Ride Like a Girl

I’m not really into sport but I do like a good sporting biopic.  I love all that overcoming-the-odds stuff about humble beginnings, early promise, single-minded pursuit of the dream, courage in the face of adversity etc etc.  I don’t care if all these tropes are clichés, as long as they’re basically true.  I want to thrill to the joy of the deserving winners, I want to shed tears of joy when they prove their detractors wrong, tell them to ‘get stuffed’, and take home the big prize!

Ride Like A Girl, the story of how in 2015 Michelle Payne became the first female jockey to win the Melbourne Cup, should have fit the bill.  I damned near teared up just watching the trailer.  Bingo, I thought.      
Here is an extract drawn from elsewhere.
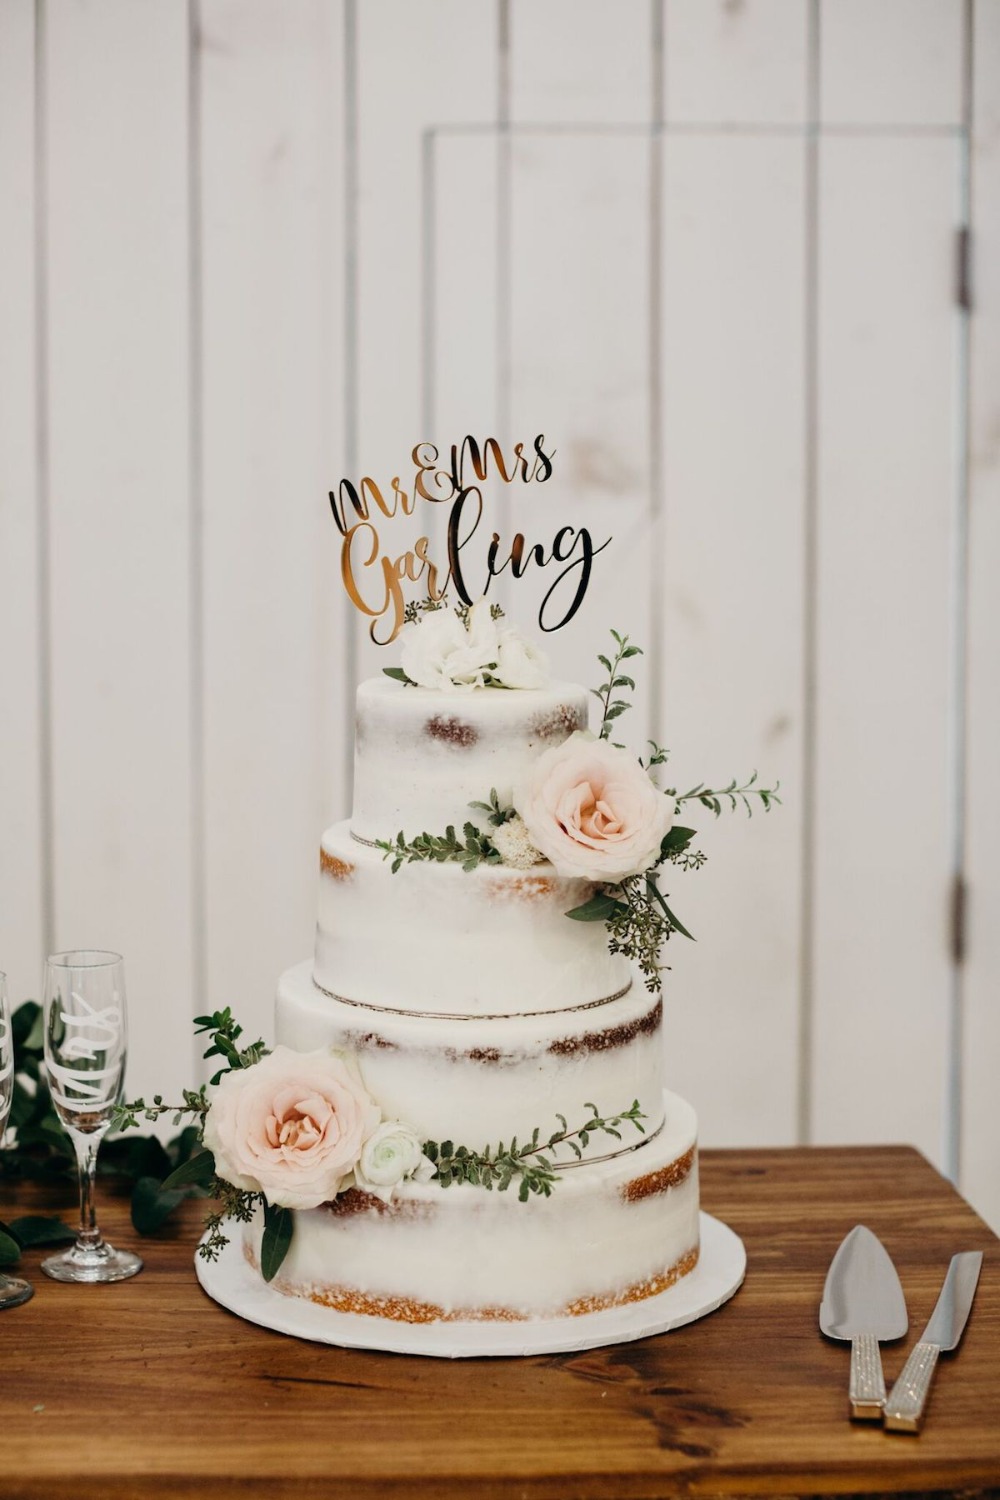 White and naked wedding cake

So why didn’t I enjoy the film as much as I expected?  Why did I leave the cinema feeling it was a bit of an also-ran in the Sporting Triumph Tearjerker Stakes? 
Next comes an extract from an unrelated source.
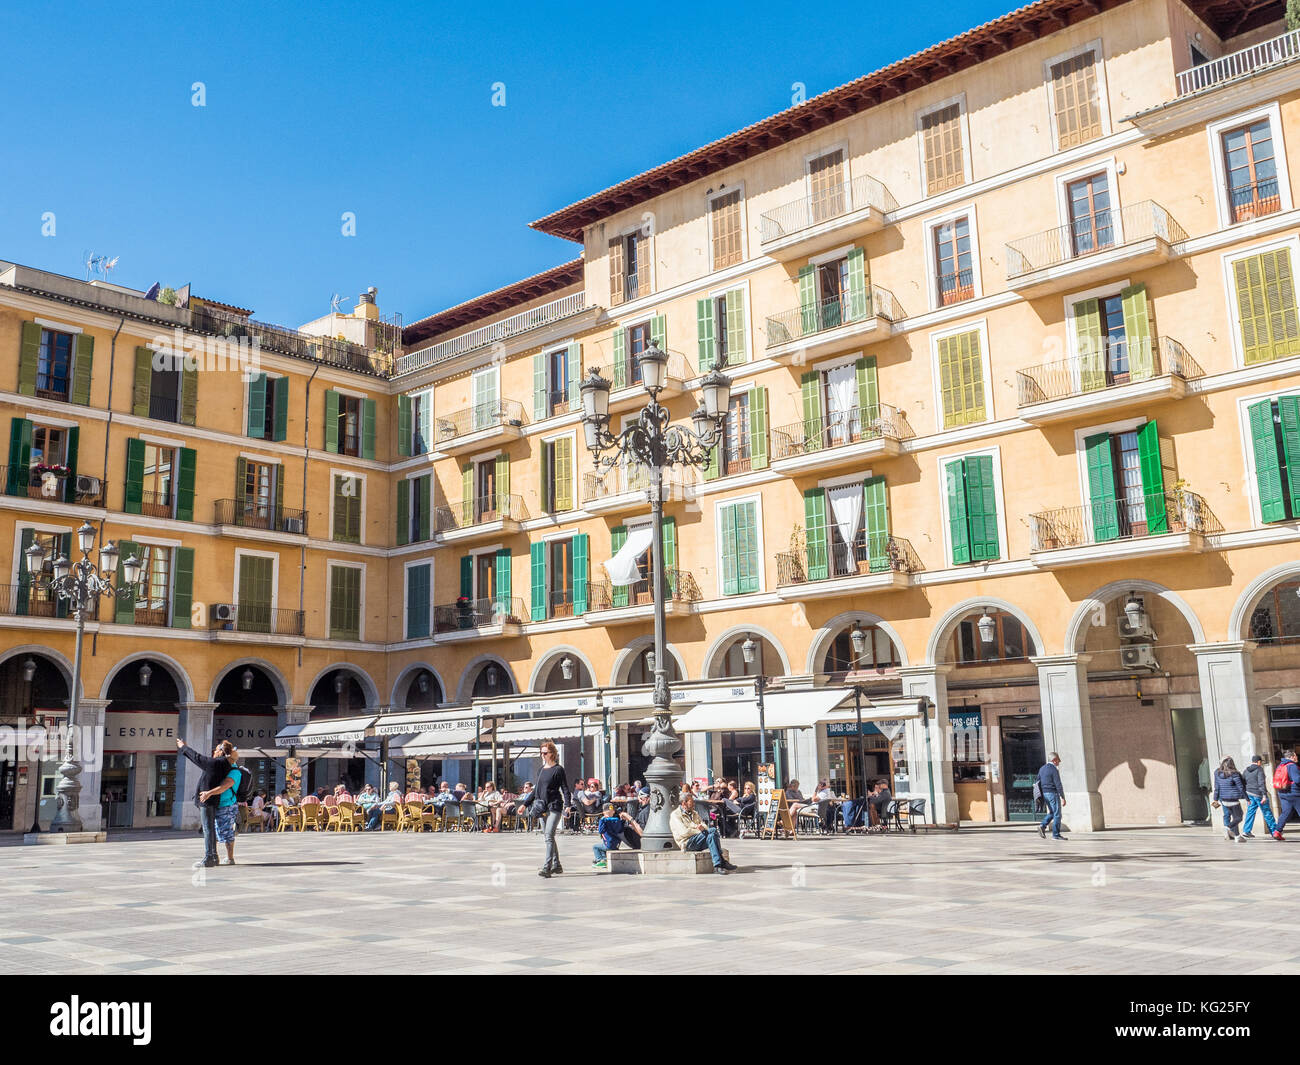 Ein City Plaza, Palma, Mallorca, Balearen, Spanien, Mittelmeer, Europa Stockfoto

It’s not as though director Rachel Griffiths picked the wrong story for her directorial debut.  There was adversity aplenty for Michelle Payne to overcome on her way to winning the Cup, most seriously a bad head injury sustained in an early career fall, but most famously the sexism of an industry that didn’t think a girl could win the big race. 

The trouble is, the fact that she DID win virtually dictated that the sex/gender issue take centre stage even if – and I almost hesitate to say this for fear of being labelled insufficiently supportive of a new feminist heroine – it wasn’t all that much of a big deal.  Payne was not the first female jockey to win a major race.  Her own sisters had had considerable success in the field.  The number of female jockeys was on the rise.  In the long run, one of them would have stayed the distance.  (Sorry about all these racing puns.) 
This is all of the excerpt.